Liverpool has one. Glasgow has one. Manchester doesn’t
Big idea (part two): A Museum of Manchester
Liverpool has one. Glasgow has one. Manchester doesn’t. Yet our impact on the world has been far greater. It’s might be good that several of our museums look at aspects of the city’s story, the Museum of Science and Industry, for example, has the Revolution Manchester gallery looking at the city’s scientific and technological contributions, but we really need something that reveals the bigger picture. We need a museum or gallery that brings the city region’s politics, diversity, society, culture and art together and also examines the personalities that made a contribution and still do to the city and to national and global life.
So what is the problem…
So why do we suffer from this lack of attention to detail, aside from a lack of cash? I’ve written about this before but I still feel somewhere in the backs of the minds of many city councillors, business leaders, teachers, academics and many native Mancunians, there persists a nagging worry that we aren't good enough, that we aren't really a tourist city, not in the way London or York is.
It’s a Manchester neurosis that gets in the way of getting over the line when it comes to maximizing the tourist experience. It gets in the way of thinking coherently about the tourism experience and getting that detail right rather than finding millions to pump into a new gallery.
This lack of confidence may come as a surprise.
It’s good to remember that if a city is better for visitors it will certainly be better for its citizens.
Many people in Britain’s other main cities feel Manchester shouts too loudly about itself. I’ve had their representatives tell me this face-to-face. But when I tell Mancs I’m a tour guide for their city, they invariably say, “What do you show them?” I throw the question back and often they have no clue. This is saddening.
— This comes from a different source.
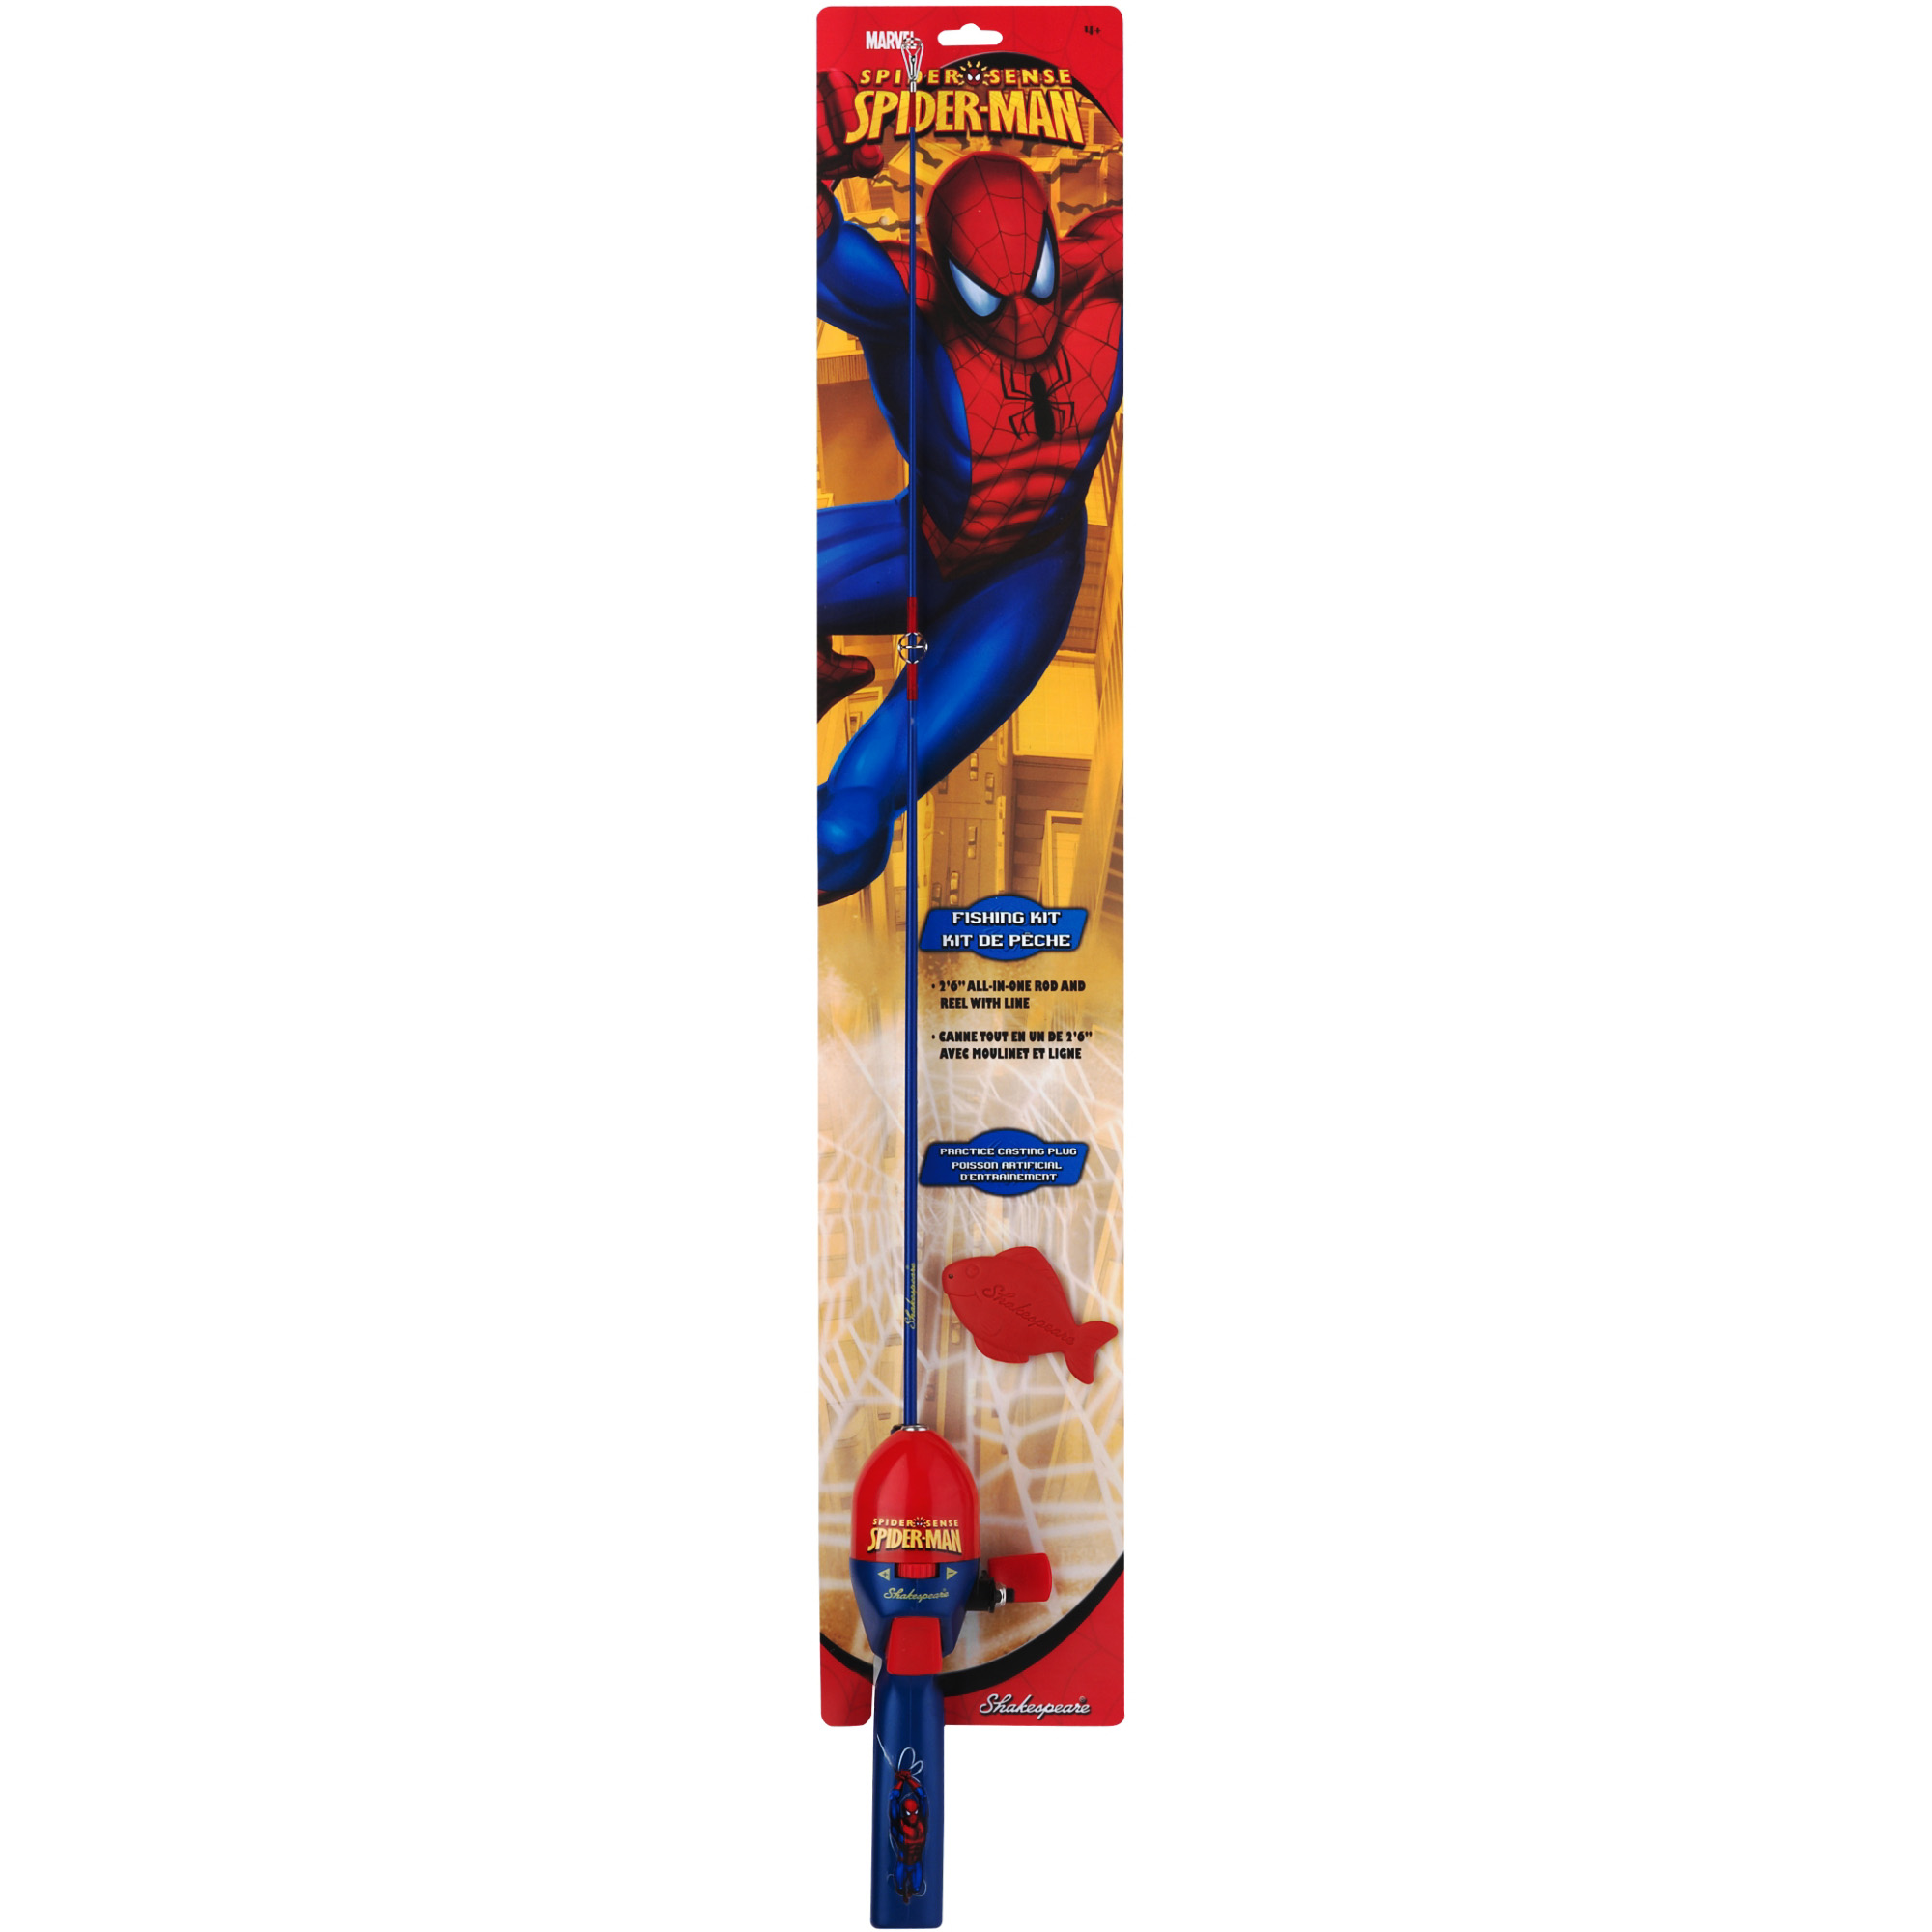 Shakespeare Spider-Man Fishing Kit with 2 Ft. 6 In. All-In-One Casting Kit - image 2 of 3

But if as they walked around and found the fountains working, the little gardens immaculate, the streets and even the backstreets and canal sides clean; if they found the story of their city explained as they went and saw the bars, restaurants, shops and offices were out hosing down their frontages, then maybe that attitude would change.
As we all know the devil is in the detail, but delight can in the detail as well. It's curious that an issue that seems the easiest thing to fix for Manchester tourism has proved the most intractable. It’s good to remember that if a city is better for visitors it will certainly be better for its citizens.